Announcing that the bill will relieve investors from the country's special taxes on shale gas in a bid to speed up exploration work, PM Donald Tusk said that the dangers of European reliance on Russian gas has put it on fast track, and that it could take effect this year, reports AP. "The idea behind the draft law is to make possible intensive exploration and extraction of shale gas," he said.
Under the new regime, taxes on exploration will not begin until 2020. Tusk also promised that the regulations will simplify and accelerate licence procedures.
"Today gas security is a fundamental prerequisite of sovereignty of every European country, including Poland," the PM continued, according to the Wall Street Journal, insisting Warsaw will do all it can to be free from "gas blackmail". Poland imports around 60% of its annual gas demand from Gazprom.
A day earlier, Tusk had criticized Germany for its heavy dependence on Russian supplies, and insisted that the issue impinges on EU sovereignty. It's an issue that's widely seen as being behind the EU's sluggish progress towards imposing economic sanctions against Moscow for its occupation of Crimea.
However, in early February - ahead of the drama in Ukraine - Tusk had claimed his government would approve new investor-friendly shale gas regulations within a fortnight. While the delay may be slight, it reflects the confusion in Warsaw over the country's energy strategy. Investors have been demanding clarity - especially concerning shale gas regulations and taxation - for some time.
Tusk offered another hostage to fortune on March 11, when he insisted the draft bill will be sent to parliament within a fortnight, and said he hopes for "speedy proceedings," especially given the Russian-Ukrainian tensions next door.
On the back of estimates of massive deposits of unconventional gas, Warsaw originally launched dreams of becoming a major gas producer in 2010. Foreign investors snapped up licences, but the enthusiasm soon waned as reserve estimates were slashed and test drilling results disappointed. Not disguising Warsaw's ire towards foreign investors, Tusk turned to pushing state-controlled companies into the fray, but huge demands for investment in new power capacity have made that a struggle.
That has seen another about-face as Poland has this year launched a new charm offensive to persuade those foreign investors still on the ground to stay and raise their efforts, and others to take another look. The first step in the new push was an announcement from London-listed San Leon in late January that it's close to producing "the first commercial shale gas flows in Europe".
Recently appointed Environment Minister Maciej Grabowski has been drafted in to spearhead the renewed push for foreign experience with drilling for shale gas and cash. "This year, I think at least 30 wells for shale gas will be made," Grabowski said in February. "To date there were 55. This year will be a turning point for shale gas".

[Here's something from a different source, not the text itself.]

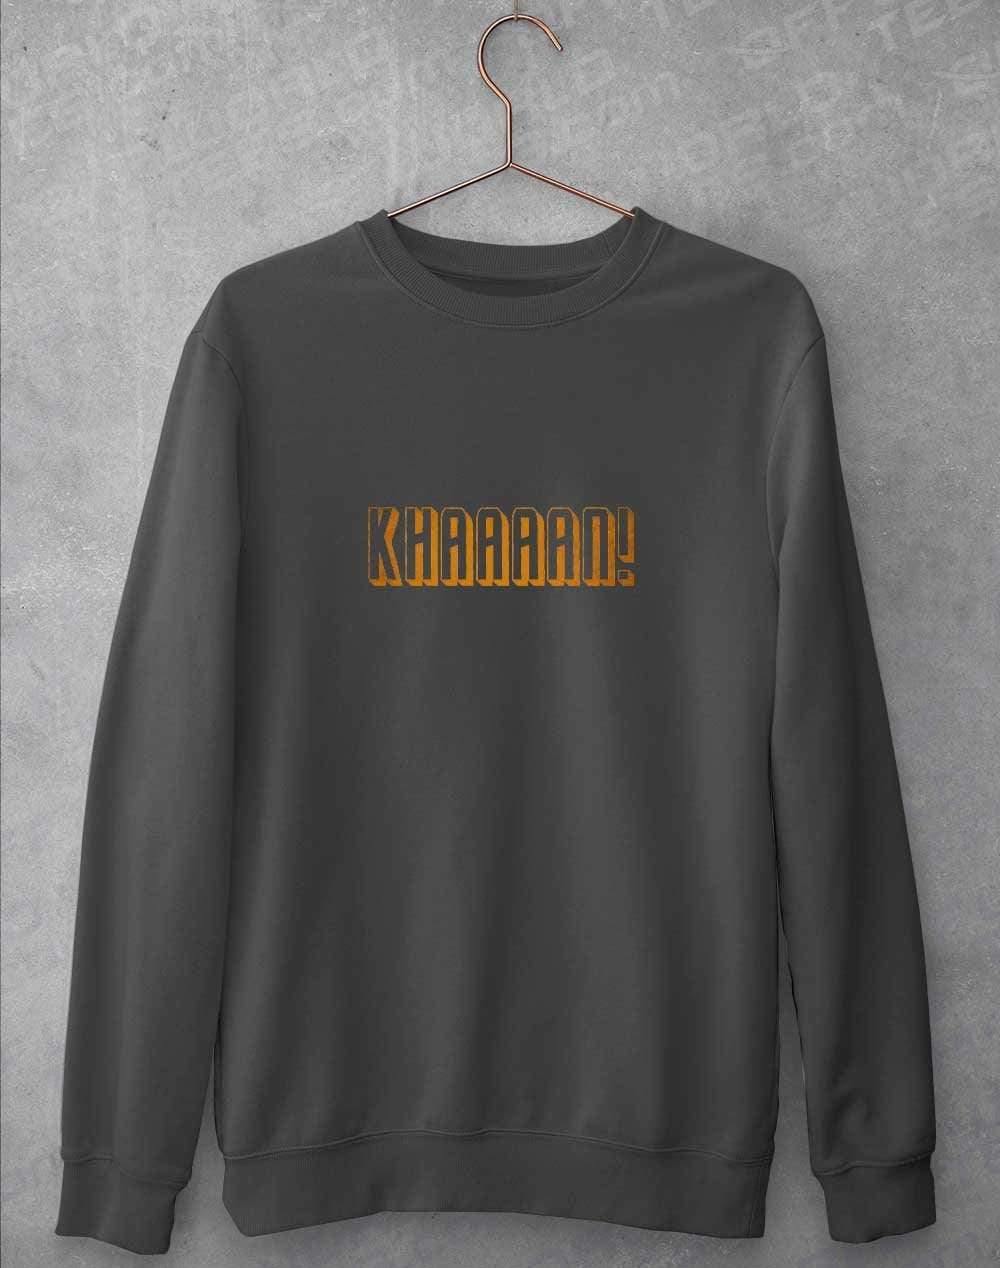 KHAAAAAN Sweatshirt S / Charcoal  - Off World Tees

The "six-year tax break" in particular is supposed to be "a huge incentive" to drill faster, Tusk said. Poland will charge two special taxes on oil and gas production, - one fixed on the value of production, one that takes production costs into account - which will add up to a rate of no more than 40% of revenue. That regime will now be delayed until 2020.
However, as Tamas Pletser at Erste Bank pointed out in February, Warsaw can offer whatever regulatory and tax temptations it likes, but can't overcome the fact that test drilling suggests many Polish shale gas deposits are commercially unviable. "The new law was missing for a long time, but what we really miss is the good results of the fracturing," the analyst points out.
"It seems to us that Poland cannot meet earlier expectations, even though new technologies may result in a breakthrough a few years from now," he adds. "We believe that the companies cannot change 'Mother Nature', but they can lobby for a better law and lower taxation."